Here is the link page with the expanded pics.
http://www.cardomain.com/ride/805495/4


----------



## NotAnotherHonda (Aug 7, 2003)

ilike italot, but it doesnt look like the door peices fit very well...where can we get this kit from? link?


----------



## thestunts200sx (Jul 11, 2005)

NotAnotherHonda said:


> ilike italot, but it doesnt look like the door peices fit very well...where can we get this kit from? link?


I second that.....

Out of curiosity..since I have an auto, would it then come with a piece to cover the auto shfiter area ?

Thanx for the pics though, looks real good.


----------



## af200sx/se-r (Dec 26, 2004)

Sentrixx said:


> Nope.. Its the real thing, with 3m backing. You can tell it not sticker because of the shiney ness of the epoxy coat.


Link to where we can buy???


----------



## sethwas (Apr 30, 2002)

Well,
Effectively you peel the back and stick it on, no?

Seth


----------



## I'm tired of my usernamee (Feb 16, 2004)

looks good, glad that the site came through for you.....and your welcome.

www.bdtrims.com is where you can get it.

BTW- STOP COPYING ME BISH!!!!!!!!!2111!


----------



## tony200 (Mar 23, 2005)

good work. its looks like it blends in very well. i think he got the c/f vinyl sheets that you customize yourself. im doing the samething myself.


----------



## I'm tired of my usernamee (Feb 16, 2004)

no, this is a real 3M backed kit that IS REAL CARBON FIBER. its not a sticker or vinyl. I have the same exact kit.


----------



## Sentrixx (Apr 30, 2002)

I'm tired of my username said:


> looks good, glad that the site came through for you.....and your welcome.
> 
> www.bdtrims.com is where you can get it.
> 
> BTW- STOP COPYING ME BISH!!!!!!!!!2111!



Yeah.. Thanx again.
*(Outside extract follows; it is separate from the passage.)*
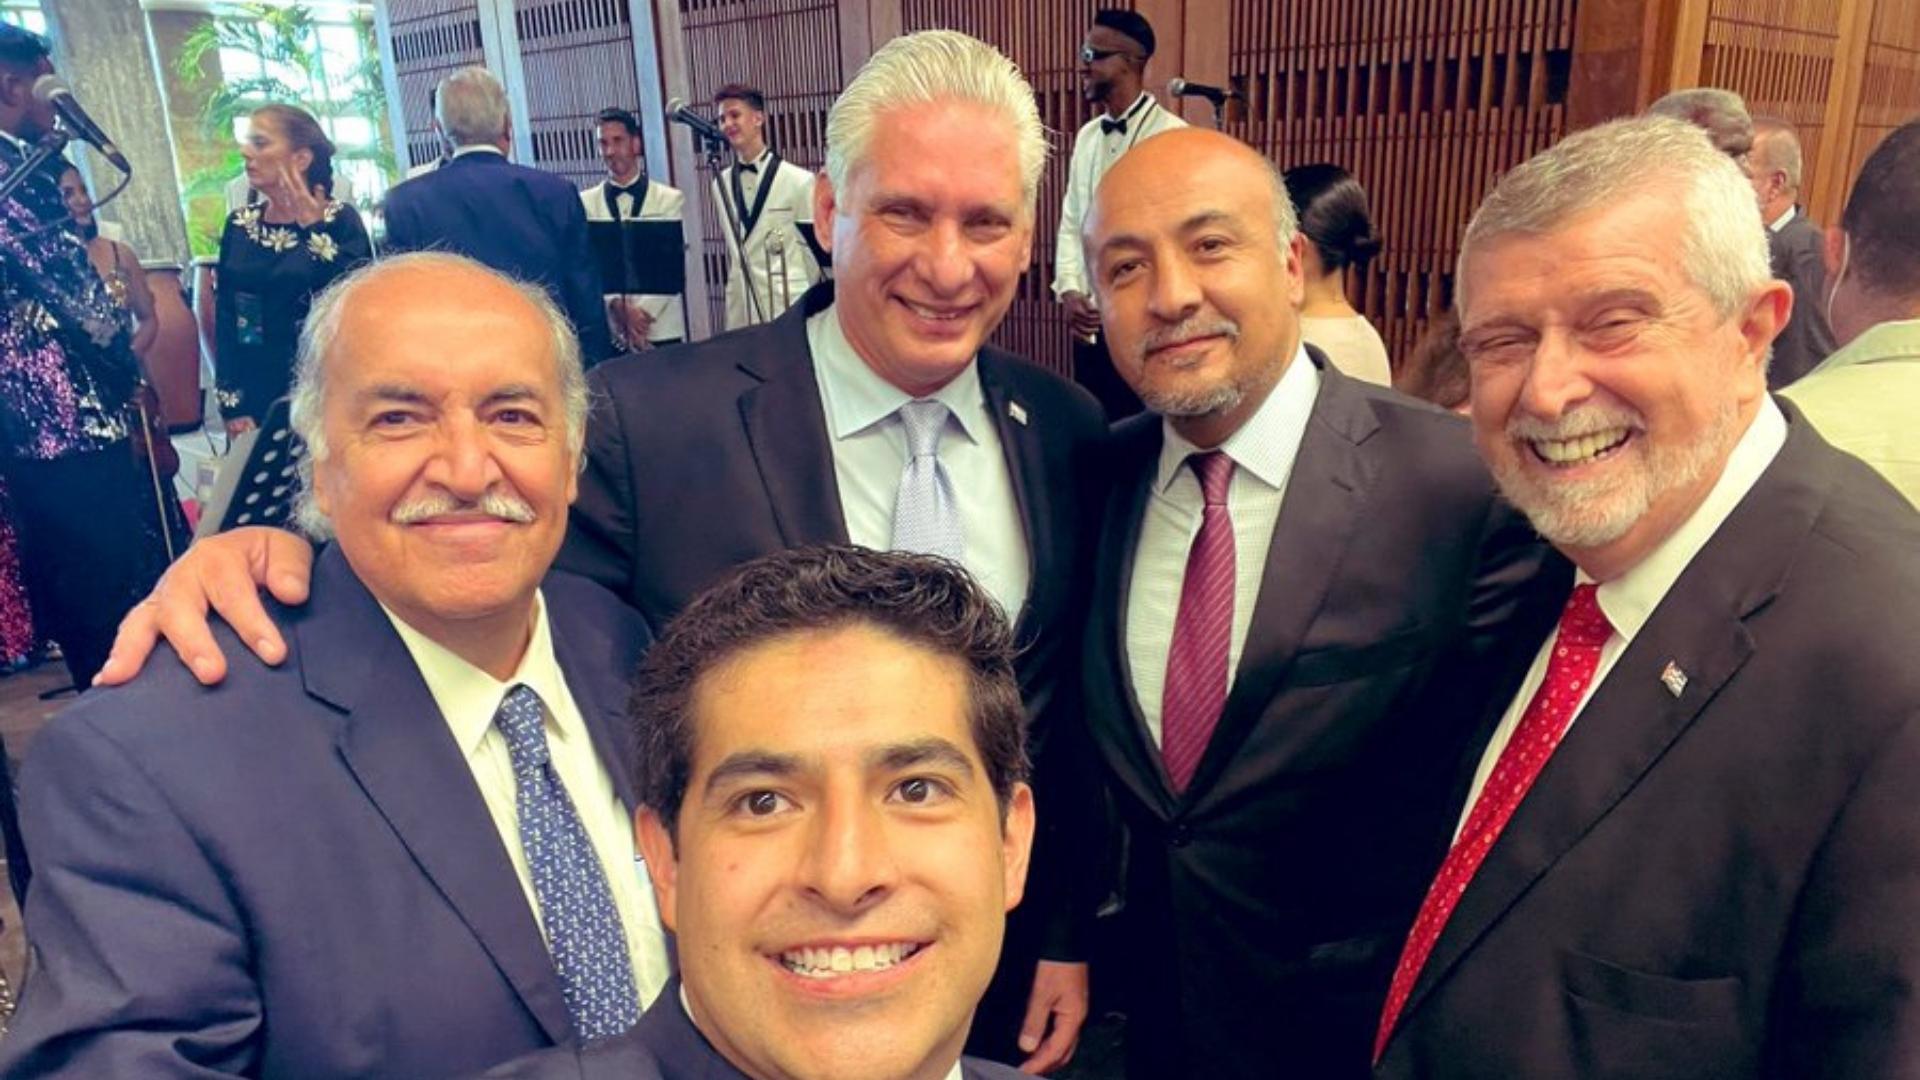 Díaz-Canel posando con funcionarios de México y Cuba durante fiesta para AMLO. Foto: Twitter de Martín Borrego Llorente

I'm so damn glad you found it... Been searching for almost a year now. :thumbup: :thumbup: :thumbup:


----------



## Sentrixx (Apr 30, 2002)

sethwas said:


> Well,
> Effectively you peel the back and stick it on, no?
> 
> Seth



yeah... and its strong ass tape to. Basicly, it came with all the info. And they offered 2 small tubes of promoter which you rub on the pieces before you attach. And when it attaches... its not going anywhere.


----------



## Sentrixx (Apr 30, 2002)

NotAnotherHonda said:


> ilike italot, but it doesnt look like the door peices fit very well...where can we get this kit from? link?


 Yeah.. Agree. But its only on the doors. They could have made them a little more form fitting. But, all in all I'm happy with it. BTW.. I personaly think from the actually color of the fiber it will look better on black interior. So keep that in mind.


----------



## sethwas (Apr 30, 2002)

If only the pictures on the site were better.
It's a shame they give you all those pieces, but they'd never make money on piecemeal. I only need like 3. The doors and the ring around the radio. The rest I don't need like the vents and whatever.

Seth


----------



## Sentrixx (Apr 30, 2002)

sethwas said:


> If only the pictures on the site were better.
> It's a shame they give you all those pieces, but they'd never make money on piecemeal. I only need like 3. The doors and the ring around the radio. The rest I don't need like the vents and whatever.
> 
> Seth


 You could always get it.. and part out the rest... Someone might have other ideas that could use em.. Never know.


----------